COLLECTED DATA =
:::::
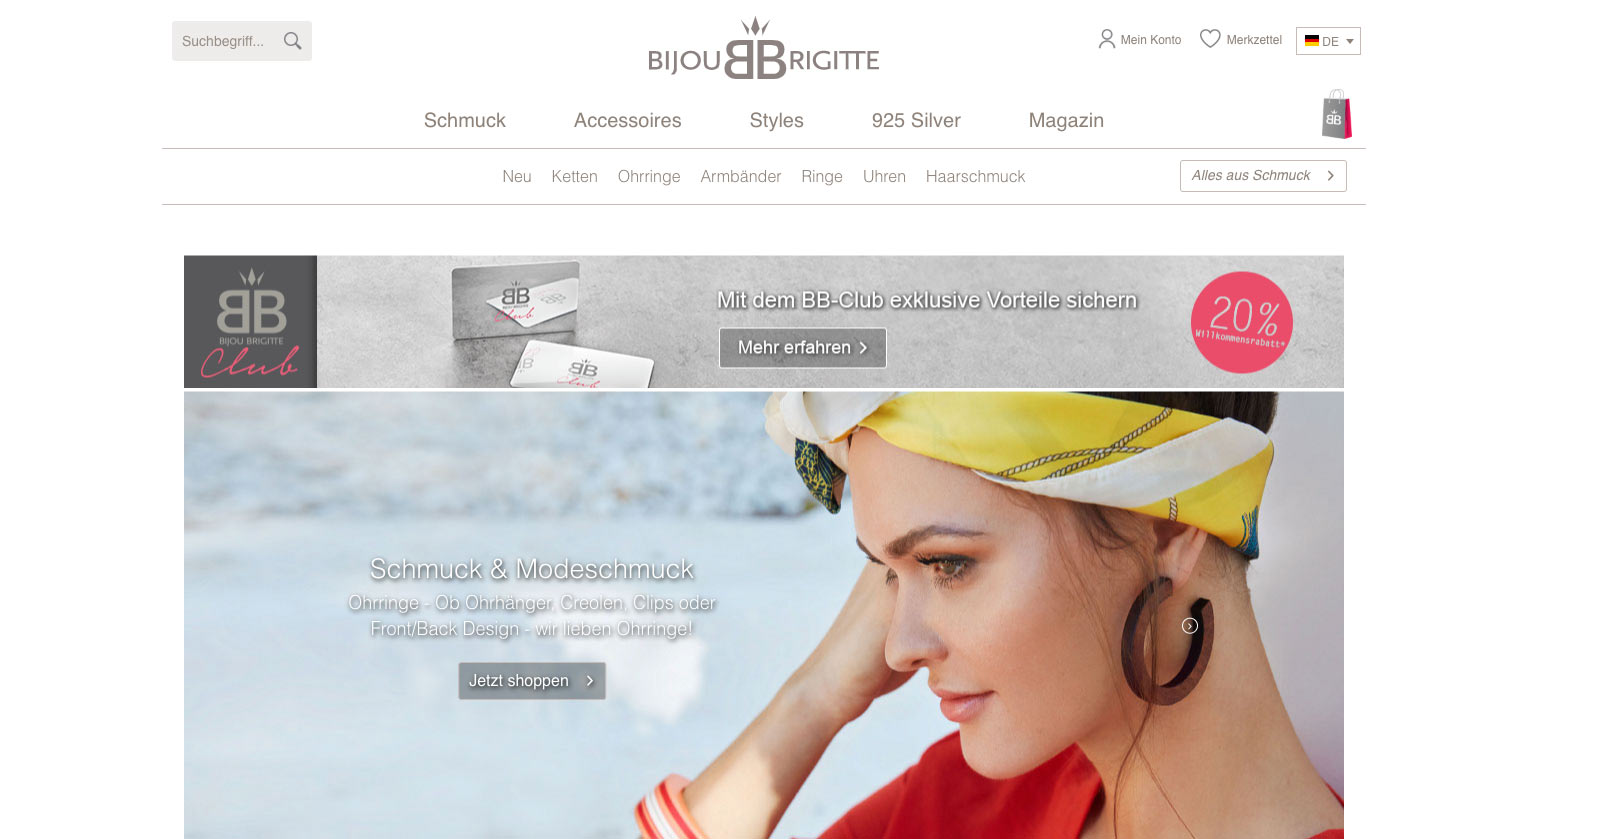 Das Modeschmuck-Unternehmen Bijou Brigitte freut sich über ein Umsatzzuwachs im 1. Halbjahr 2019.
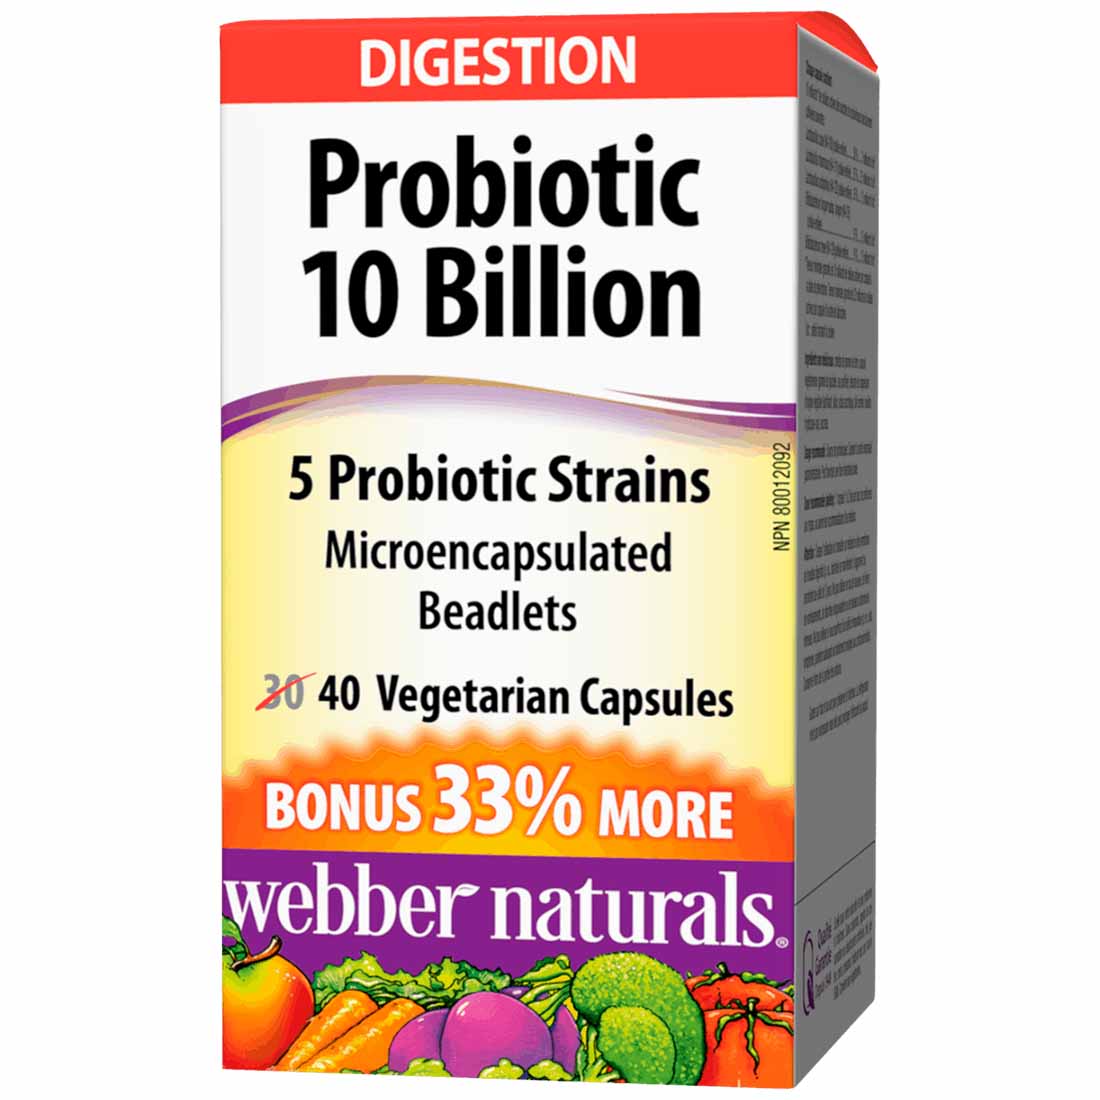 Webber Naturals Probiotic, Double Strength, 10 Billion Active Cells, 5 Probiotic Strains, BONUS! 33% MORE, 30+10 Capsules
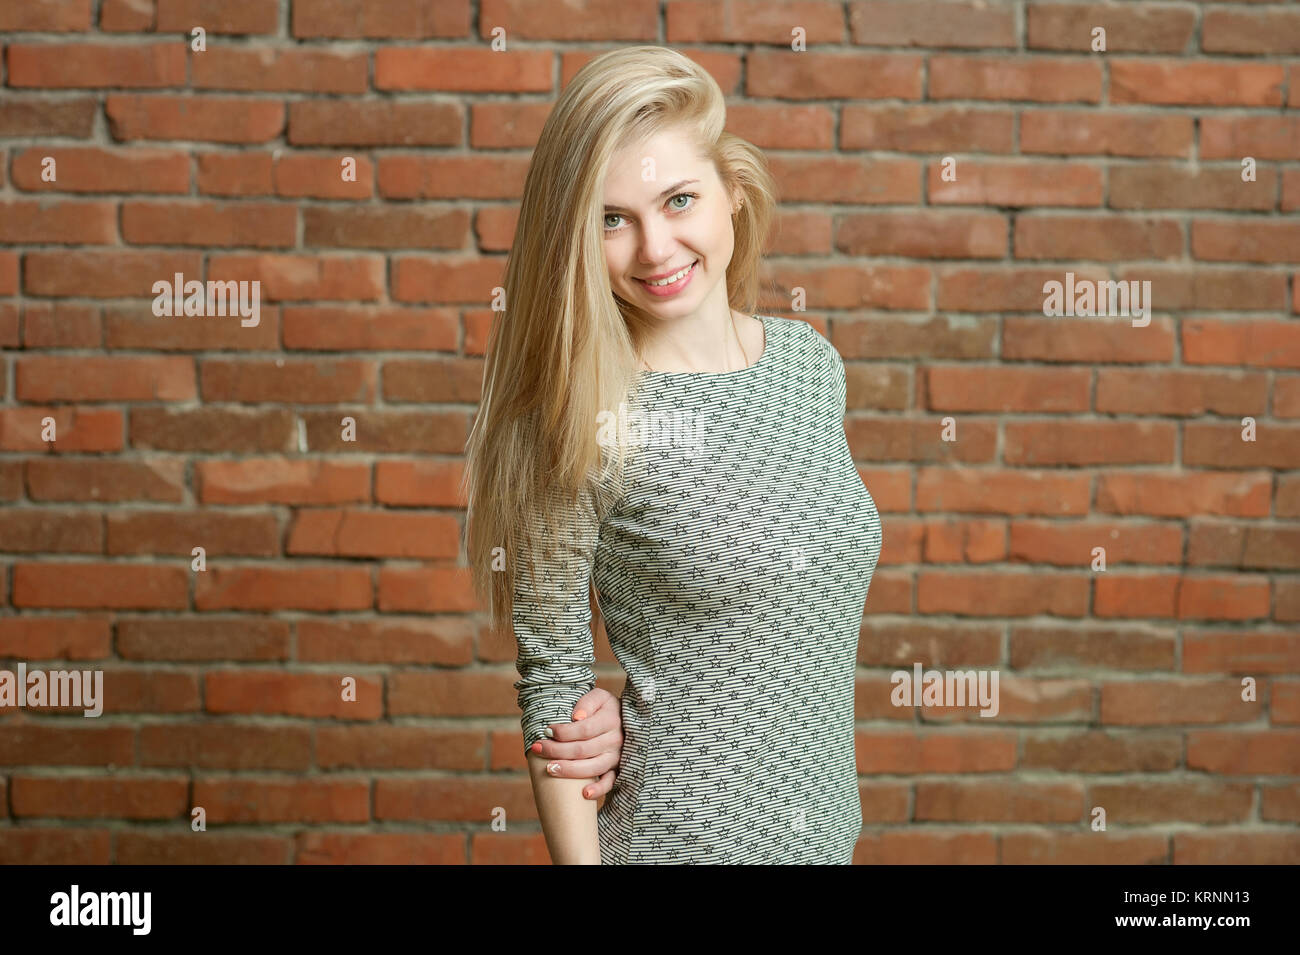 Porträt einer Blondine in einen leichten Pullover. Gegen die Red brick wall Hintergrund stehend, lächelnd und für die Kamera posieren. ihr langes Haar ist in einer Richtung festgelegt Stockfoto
:::::
EXERCISE OBJECTIVE =
For this answer, retype the lines from the start of the listing through the line that holds "Webber Naturals Probiotic, Double", inclusive, exactly and without pictures.

EXERCISE RESULT =
 Das Modeschmuck-Unternehmen Bijou Brigitte freut sich über ein Umsatzzuwachs im 1. Halbjahr 2019.
 Webber Naturals Probiotic, Double Strength, 10 Billion Active Cells, 5 Probiotic Strains, BONUS! 33% MORE, 30+10 Capsules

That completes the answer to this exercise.